Takeaways and Tips From ABA TECHSHOW 2021

By Joan Feldman and Joy White

Best takeaways from ABA TECHSHOW 2021? We asked a few practice management and technology experts to share a sampling of top session tips for our annual roundup.

In the face of a pandemic and a professional year unlike any we’ve known, ABA TECHSHOW, the renowned annual legal technology conference, as always featured a packed schedule. Held March 8-12 this year, a fantastic slate of programs was at virtual attendees’ fingertips. We’re talking Microsoft 365, cybersecurity, Zoom and Teams, small firm billing and marketing, on to ethics, diversity and innovation. Of course, there was much more.

While we understand it was tough to choose, here are takeaways and tips from Sheila Blackford, Jim Calloway, Joan Feldman, Natalie Kelly, Sharon Nelson and John Simek, Juda Strawczynski, and Megan Zavieh.

Sharon Nelson and John Simek: Expert Tips on Google Ads and SEO

We were in awe of the amazing conference programming that stretched over five days. The creative skills of the ABA TECHSHOW 2021 Planning Board, co-chaired by Roberta Tepper and Allan Mackenzie, were extraordinary.
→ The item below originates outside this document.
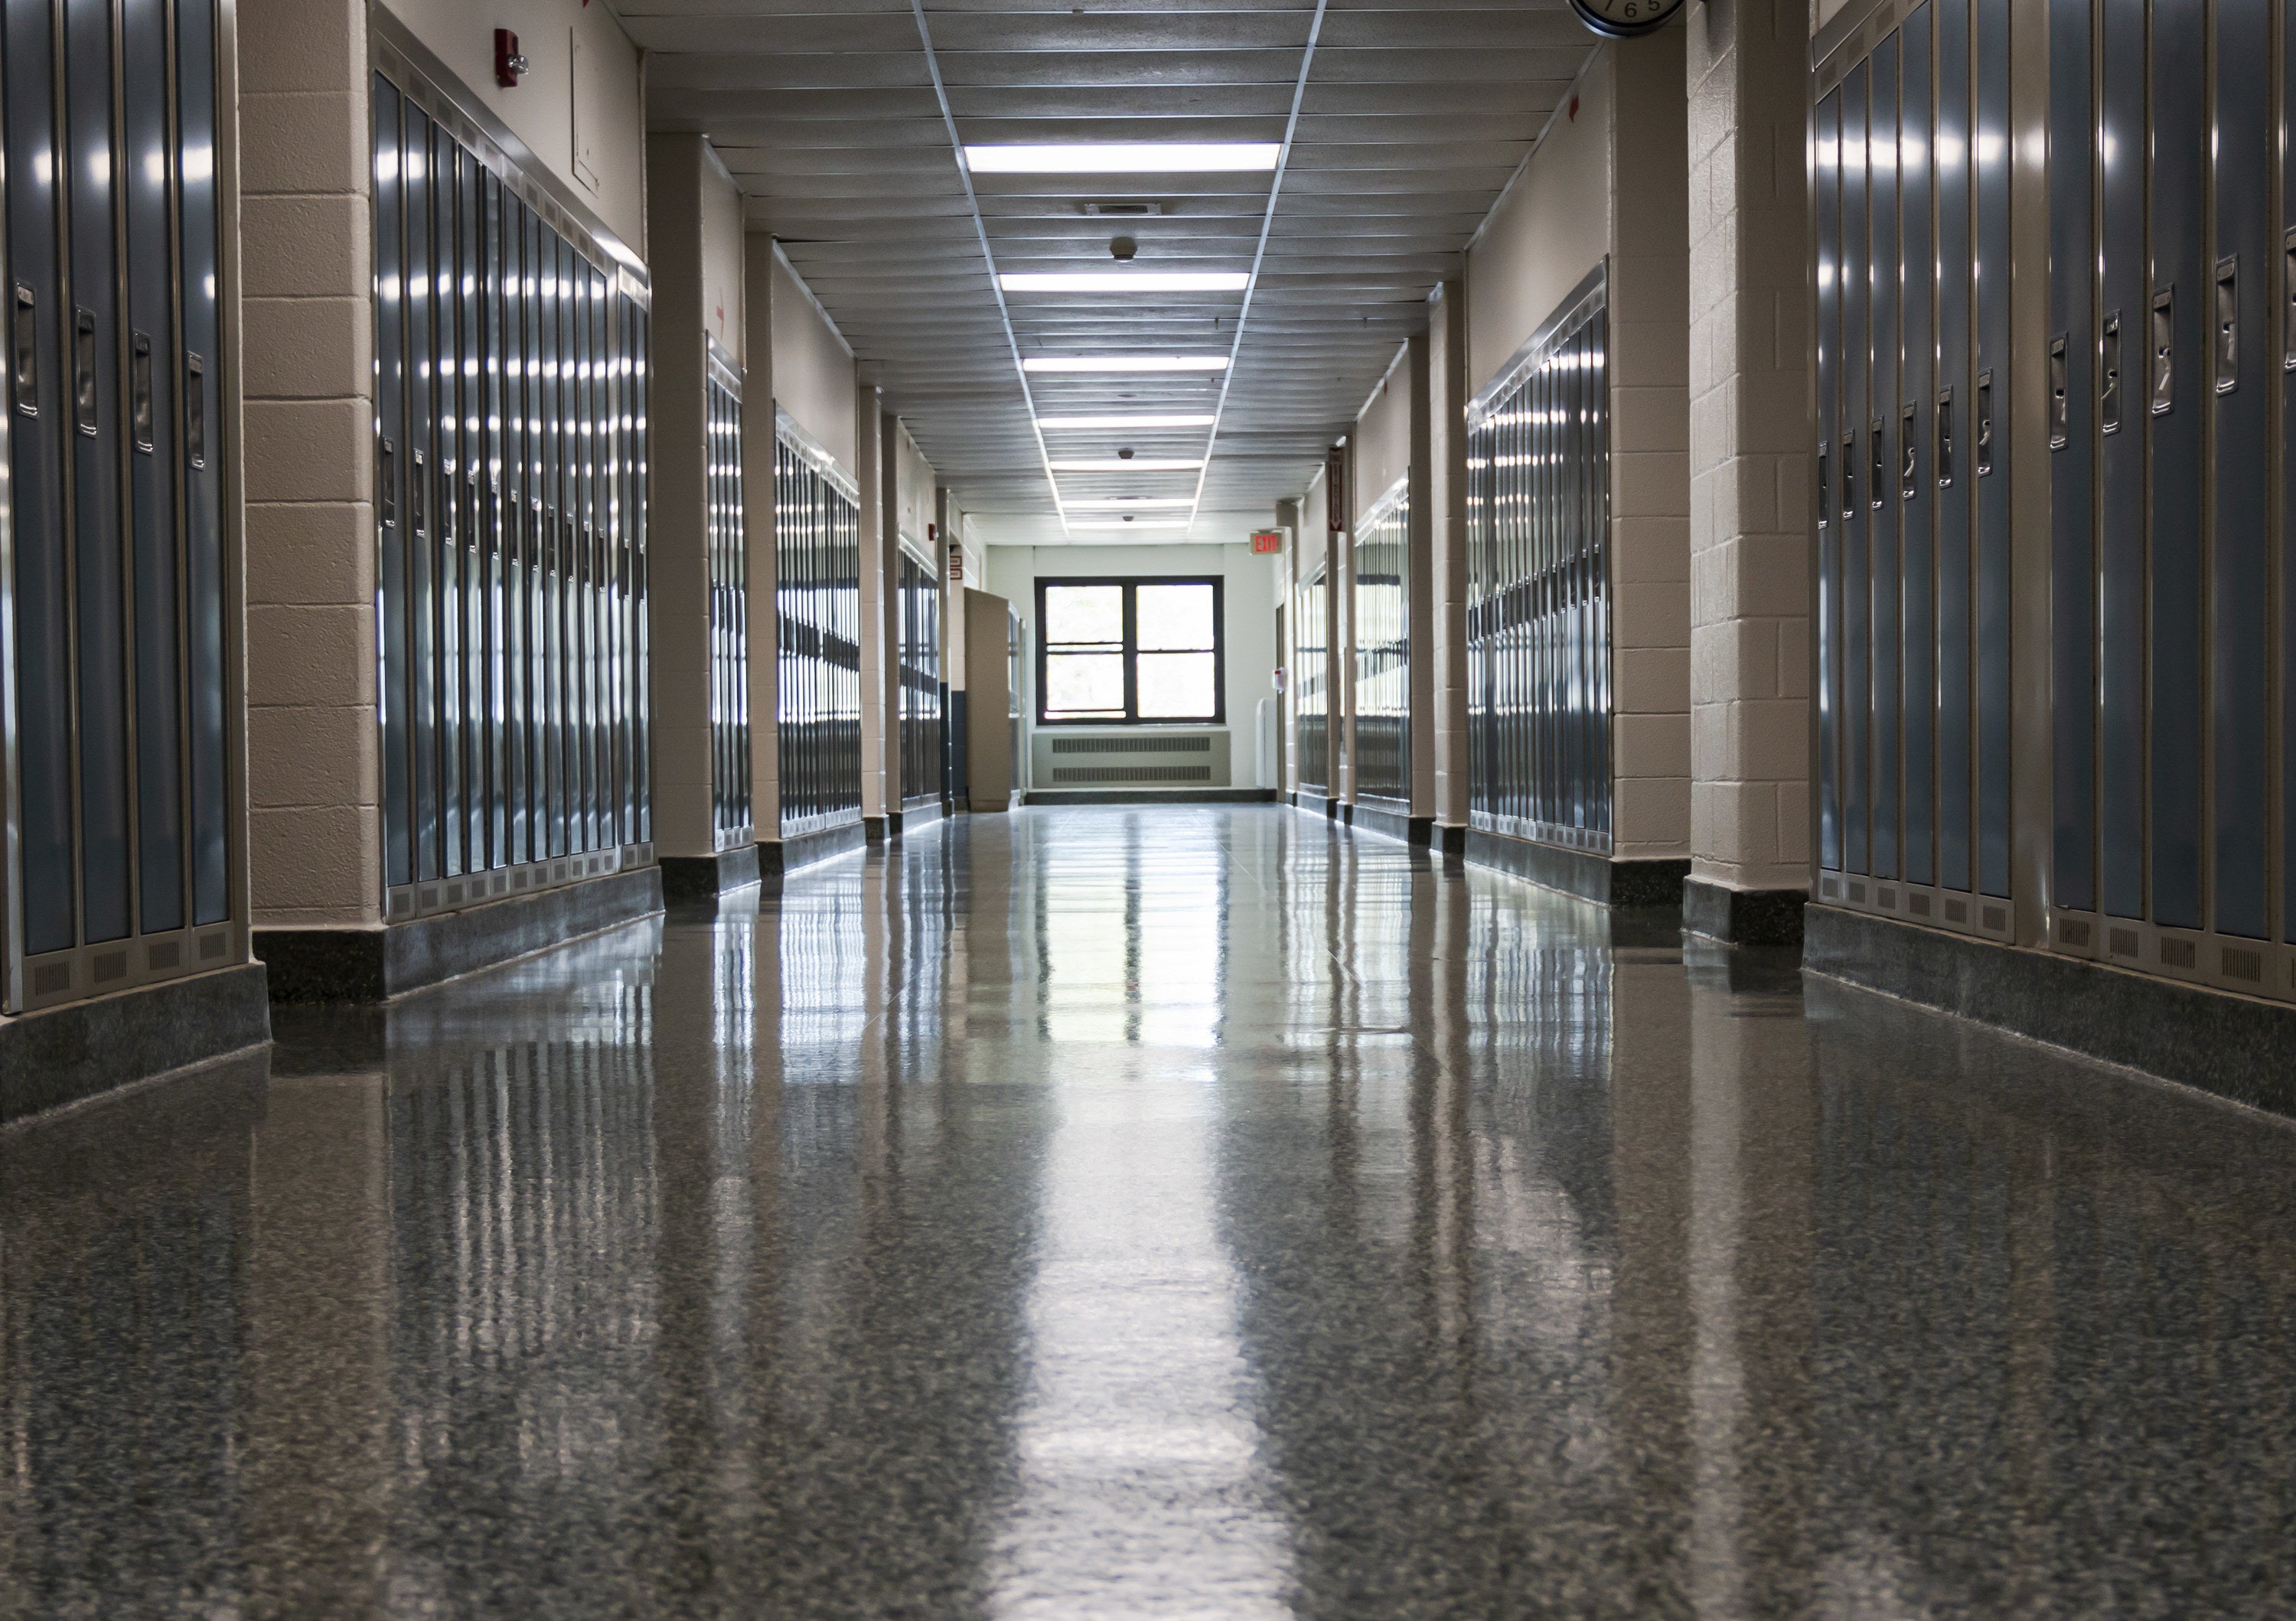 A hallway of lockers in a school

Marketing and technology converge. While we normally offer cybersecurity tips, we thought the marketing sessions were rife with good tips, so we doff our hats to Gyi Tsakalakis, Megan Boyd and Joy Hawkins for three great sessions. A few excellent tips:

  • If you don’t know about Google Local Services ads (and we did not), you need to check them out, here. They appear at the very top of the results of a search — and you only pay if you get a lead.
  • Did you know some search engine optimization (SEO) and content tools are assisted by artificial intelligence? Check out MarketMuse and Clearscope.
  • Keep your eye on the ever-changing elements of Google’s local SEO changes via Sterling Sky’s free Local SEO Updates page. You can subscribe for free via email.
  • Google has increasingly placed more emphasis on the speed with which your website loads on both computers and smartphones. Starting in May, Google will make website loading speed a part of its Core Web Vitals.
  • Make sure your website is secure. Google will ding you in the search results rankings if your site lacks an SSL certificate, indicated by the “s” at the end of “https” in the URL bar. This one we certainly did know about since it is security-related, but it bears repeating because so many solo practices and small firms have not taken care of this. Put it on your to-do list today!

Here’s to seeing everyone in Chicago in 2022!

Sharon D. Nelson (@SharonNelsonEsq) and John W. Simek (@SenseiEnt) are President and Vice President of Sensei Enterprises, Inc., a digital forensics, legal technology and cybersecurity firm based in Fairfax, Va. They have written 16 books published by the ABA, including The Solo and Small Firm Legal Technology Guides and “Encryption Made Simple for Lawyers.” They are past-chairs of ABA TECHSHOW.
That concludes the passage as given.